Alzheimer's disease (AD) is a neurodegenerative disorder that affects millions of individuals worldwide. In this project, I leveraged the power of state-of-the-art deep learning techniques to attempt to develop a classifier for Alzheimer's disease, with a focus on differentiating between normal and AD patients using data from the Alzheimer's Disease Neuroimaging Initiative (ADNI).
My approach centers around the Perceiver Transformer, which is a deep learning model based on the groundbreaking research presented in the paper Perceiver: General Perception with Iterative Attention (arxiv.org). This model has demonstrated remarkable capabilities in a number of computer vision tasks and exhibits promising potential for medical image analysis.
The goal is to distinguish between normal and Alzheimer's disease (AD) patients, leveraging magnetic resonance imaging (MRI) data from the Alzheimer's Disease Neuroimaging Initiative (ADNI).
ADNI Dataset: ADNI provides an extensive dataset containing MRI scans from healthy individuals and AD patients. This data helps us understand structural brain changes in Alzheimer's disease.
In this README, I explain my approach to data preprocessing, Perceiver Transformer model implementation, training process, and model performance. So far, the model achieved an accuracy of approximately 65% on the test set.
Here are the dependencies listed on the requirements.txt:
matplotlib 3.8.0
numpy 1.24.1
scipy 1.11.3
torch 2.1.0+cu118
ADNI dataset
The Perceiver model is designed to overcome key limitations observed in standard transformer models. Let's delve into its core components:
Input Array Processing
The Perceiver begins its journey with input data, which in this case are MRI images. Before entering the attention modules, the input needs to be processed. Specifically, the image is transformed from a (input_channels x height x width) matrix into a (input_channels x height*width) matrix through flattening. However, flattening the image in this manner can lead to the loss of position-dependent context in the image representation. To mitigate this issue, Position Encoding is introduced as a solution.

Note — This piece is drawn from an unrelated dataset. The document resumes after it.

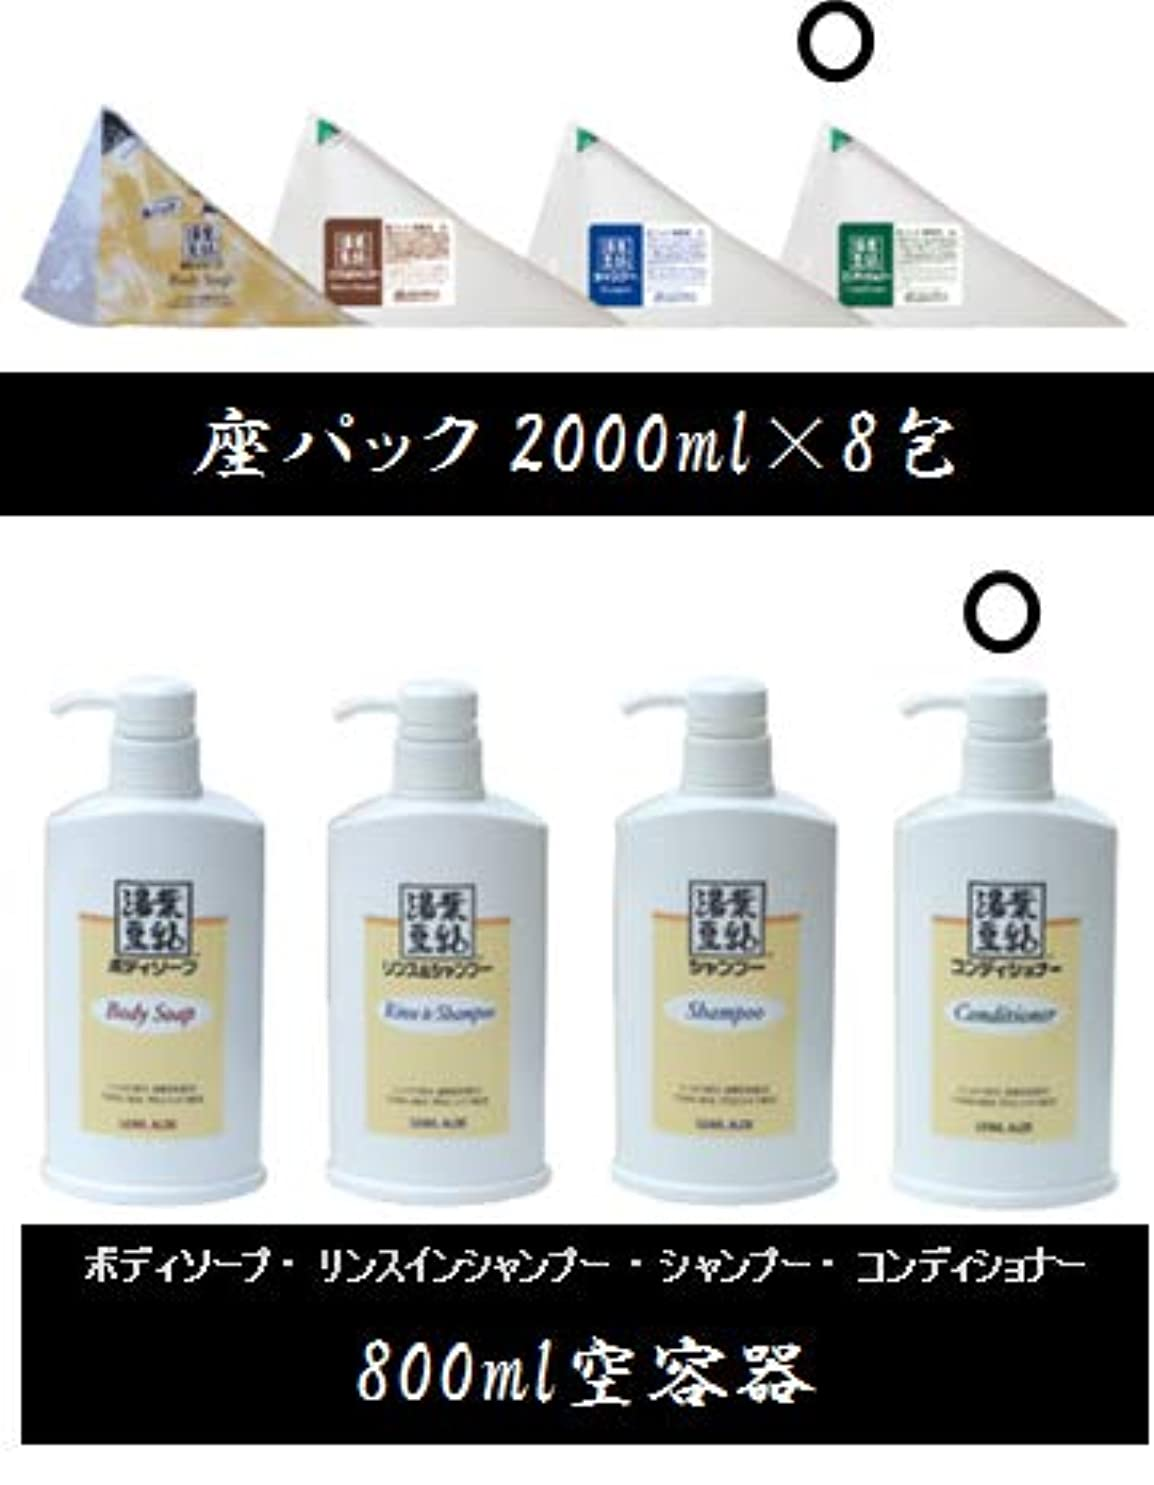 エミュレーション人種調べるフタバ化学 湯葉豆乳コンディショナー 16L詰め替え(2Lパック×8包) 800ml空容器付
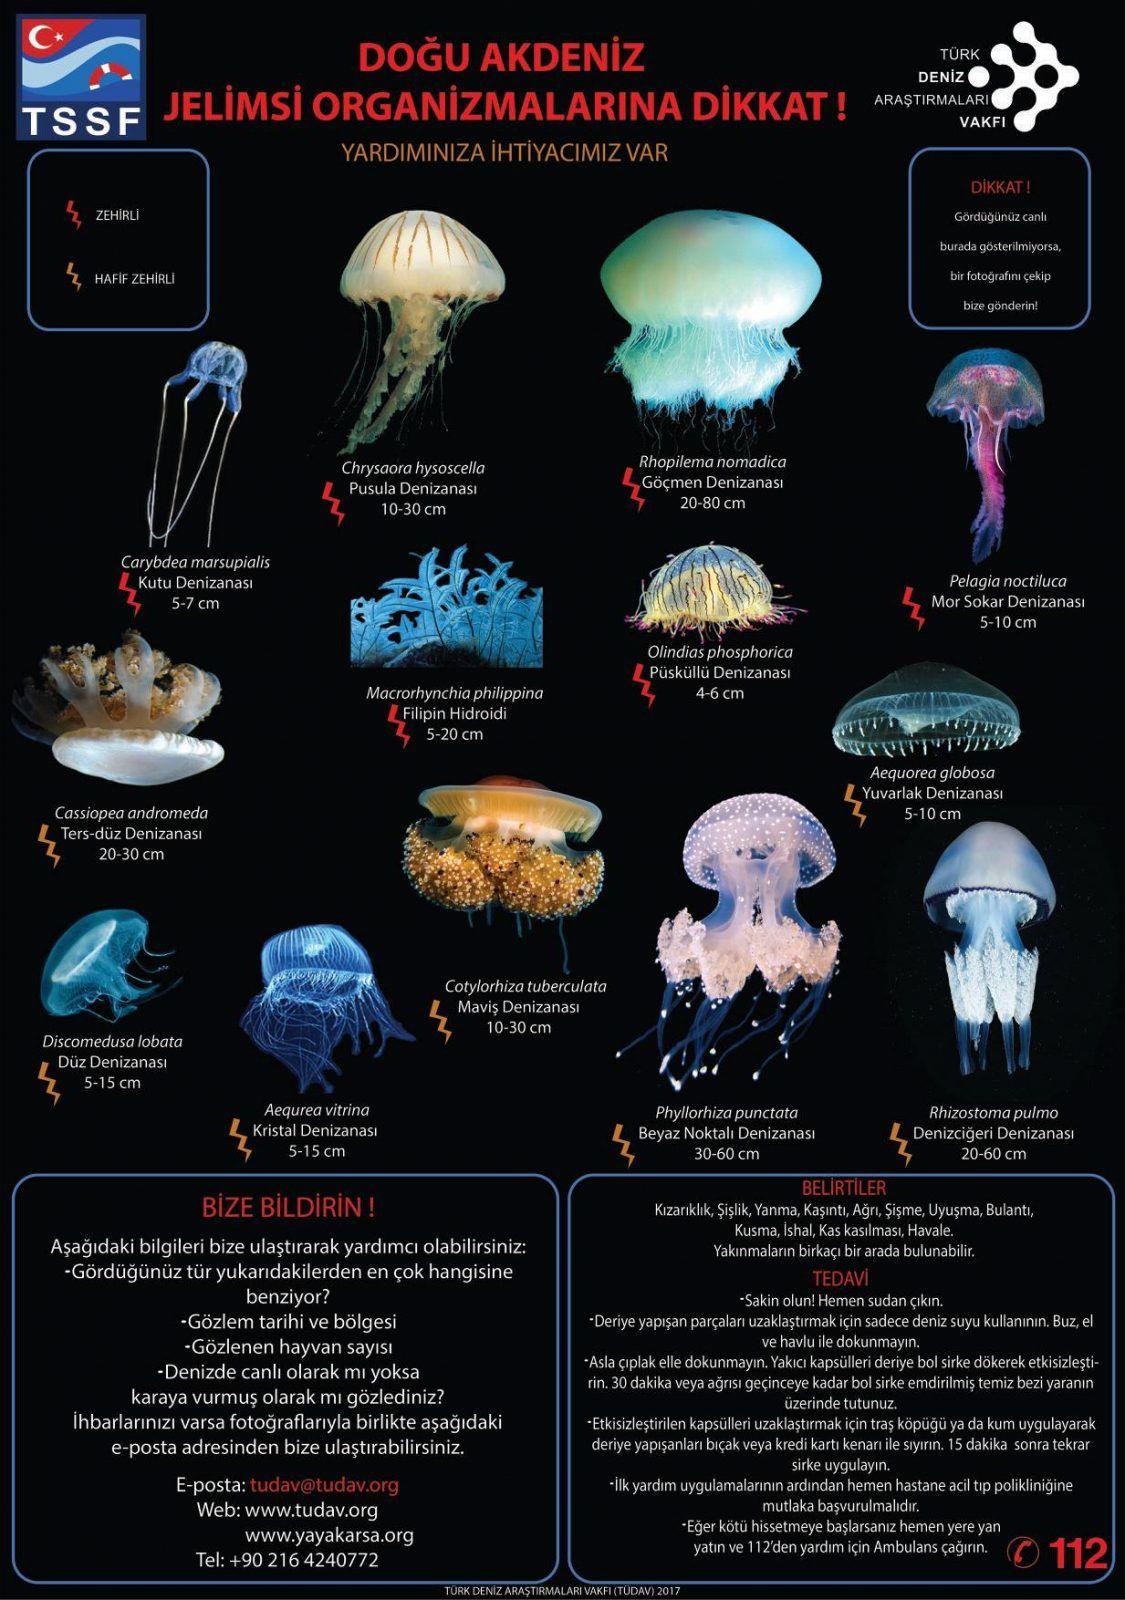 deniz-kultur - 1 3 - Doğu Akdeniz Deniz Anaları Referansı

Position Encoding: Retaining Spatial Context
Preserving spatial information is a fundamental challenge in various data processing tasks. In the context of the Perceiver model, a unique technique known as Fourier position encoding is employed to capture and represent the spatial relationships between elements within the input data. The Perceiver model, as described in the paper, Perceiver: General Perception with Iterative Attention (arxiv.org), is distinguished by its "permutation invariant" principle. This principle signifies that the Perceiver model does not directly depend on the specific spatial arrangement of the elements in the input data (Jaegle et al., 2021).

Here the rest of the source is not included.